The “damp, drizzly November in my soul” line is wonderfully expressive. He is saying that when he feels a depressive funk coming on—or looming, if you will—he knows that he must go out on the ocean. There is levity in how he speaks, but beneath that levity is a darkness—just as the great whale lurks beneath the surface of the wine-dark sea.
Next he argues about the universality of the urge to commune with water:
There now is your insular city of the Manhattoes, belted round by wharves as Indian isles by coral reefs—commerce surrounds it with her surf. Right and left, the streets take you waterward. Its extreme downtown is the battery, where that noble mole is washed by waves, and cooled by breezes, which a few hours previous were out of sight of land.

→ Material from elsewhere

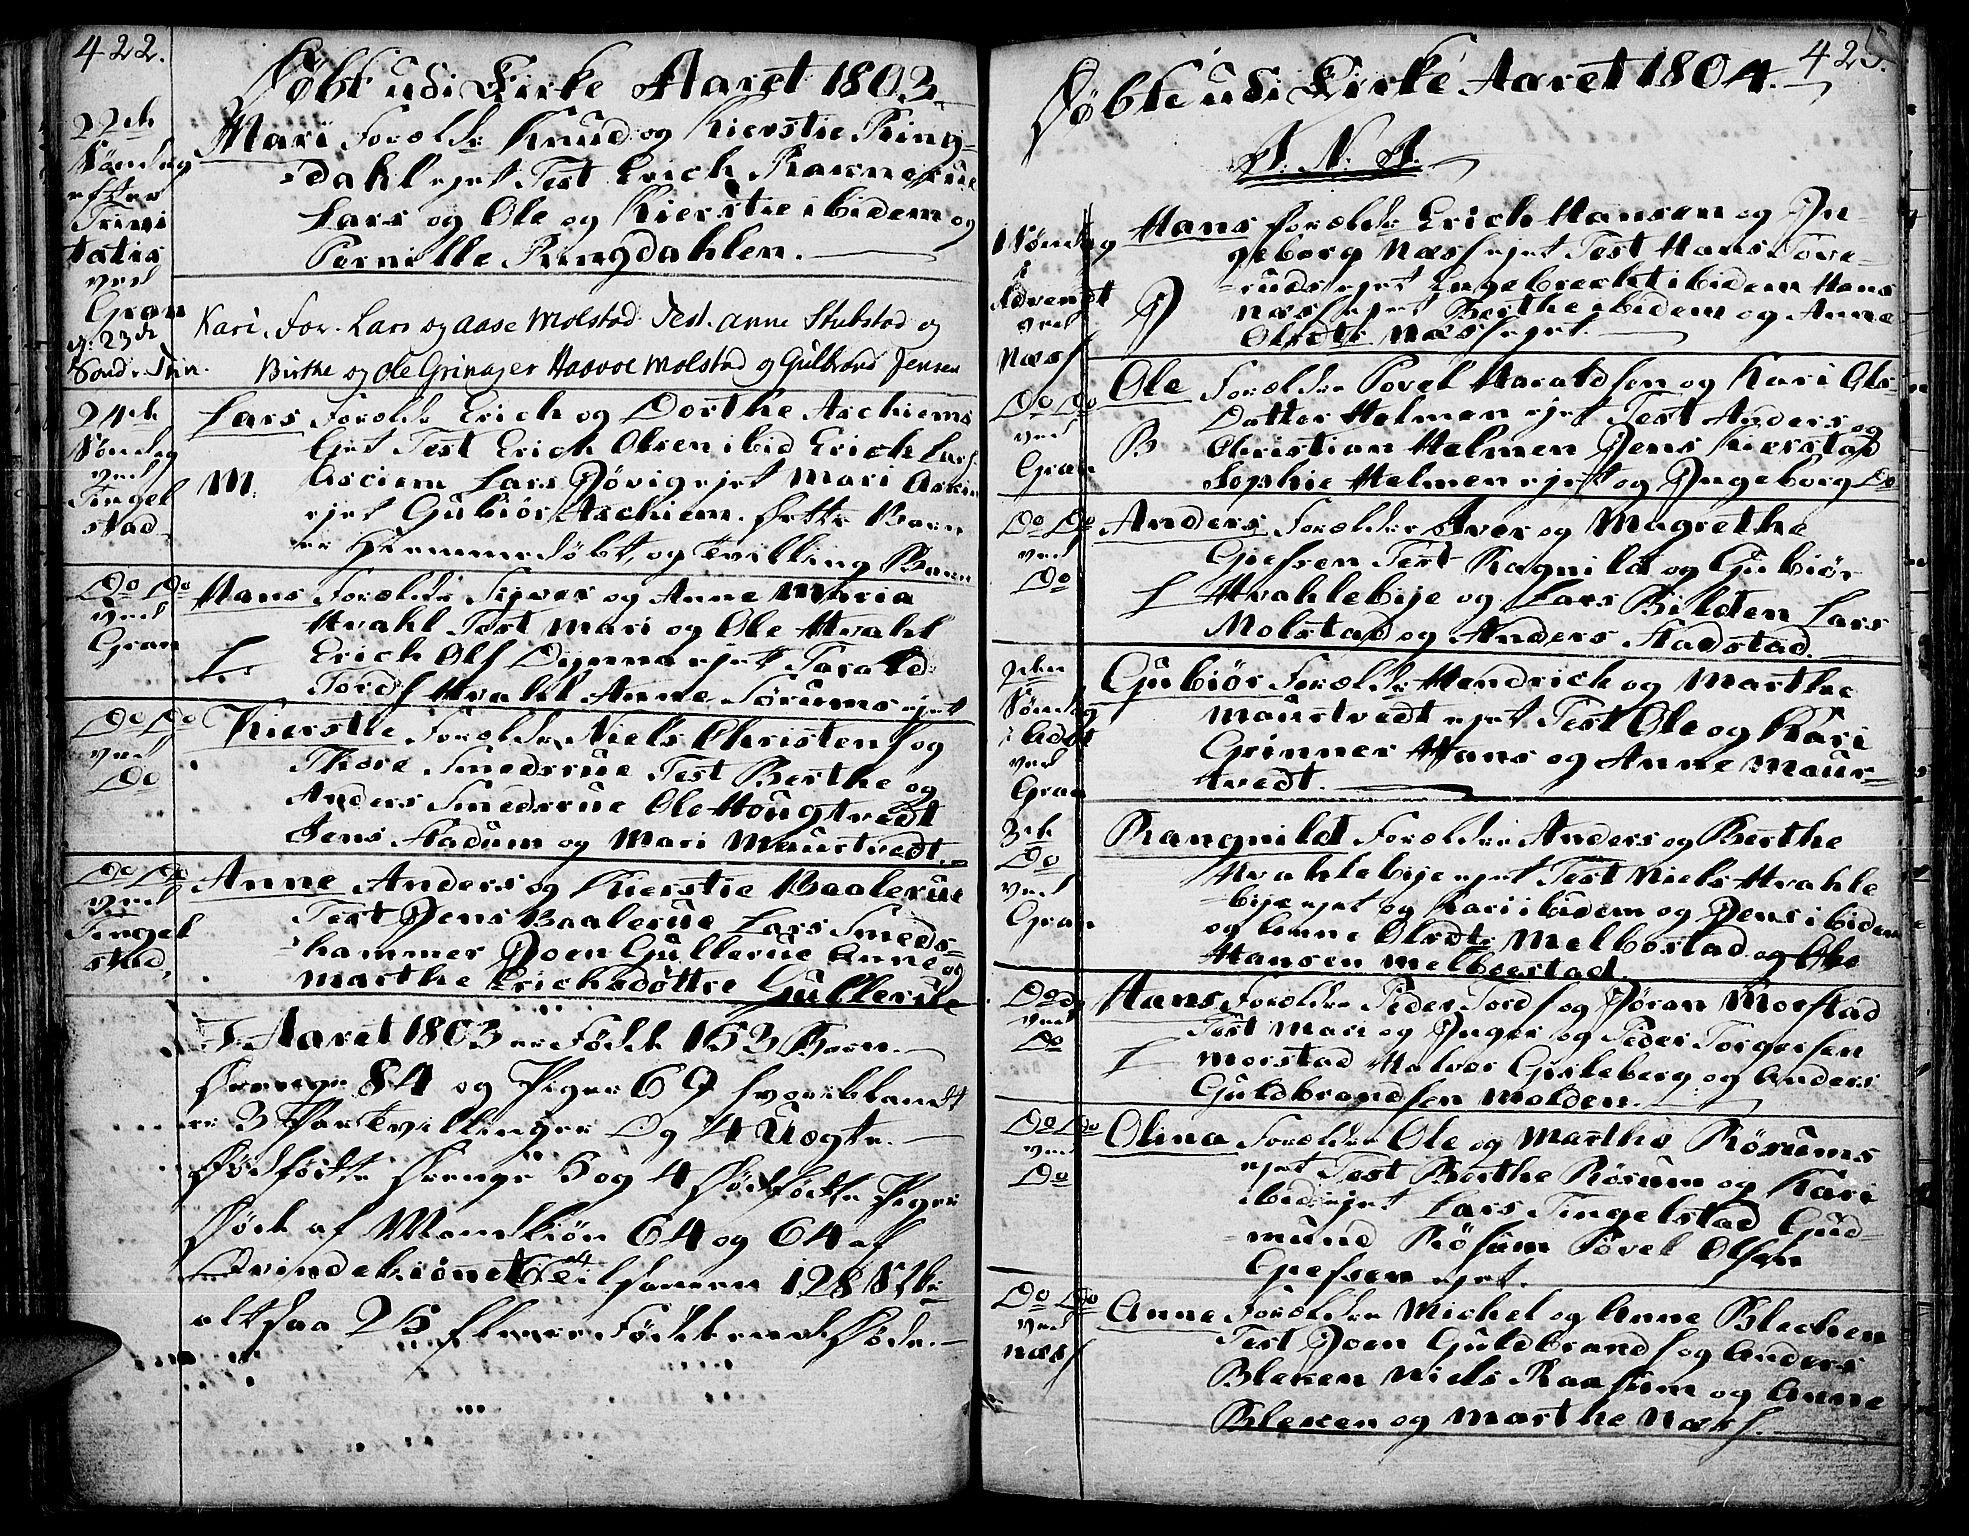 SAH, Gran prestekontor, Ministerialbok nr. 6, 1787-1824, s. 422-423

Look at the crowds of water-gazers there.
Circumambulate the city of a dreamy Sabbath afternoon. Go from Corlears Hook to Coenties Slip, and from thence, by Whitehall, northward. What do you see?—Posted like silent sentinels all around the town, stand thousands upon thousands of mortal men fixed in ocean reveries. Some leaning against the spiles; some seated upon the pier-heads; some looking over the bulwarks of ships from China; some high aloft in the rigging, as if striving to get a still better seaward peep. But these are all landsmen; of week days pent up in lath and plaster—tied to counters, nailed to benches, clinched to desks. How then is this? Are the green fields gone? What do they here?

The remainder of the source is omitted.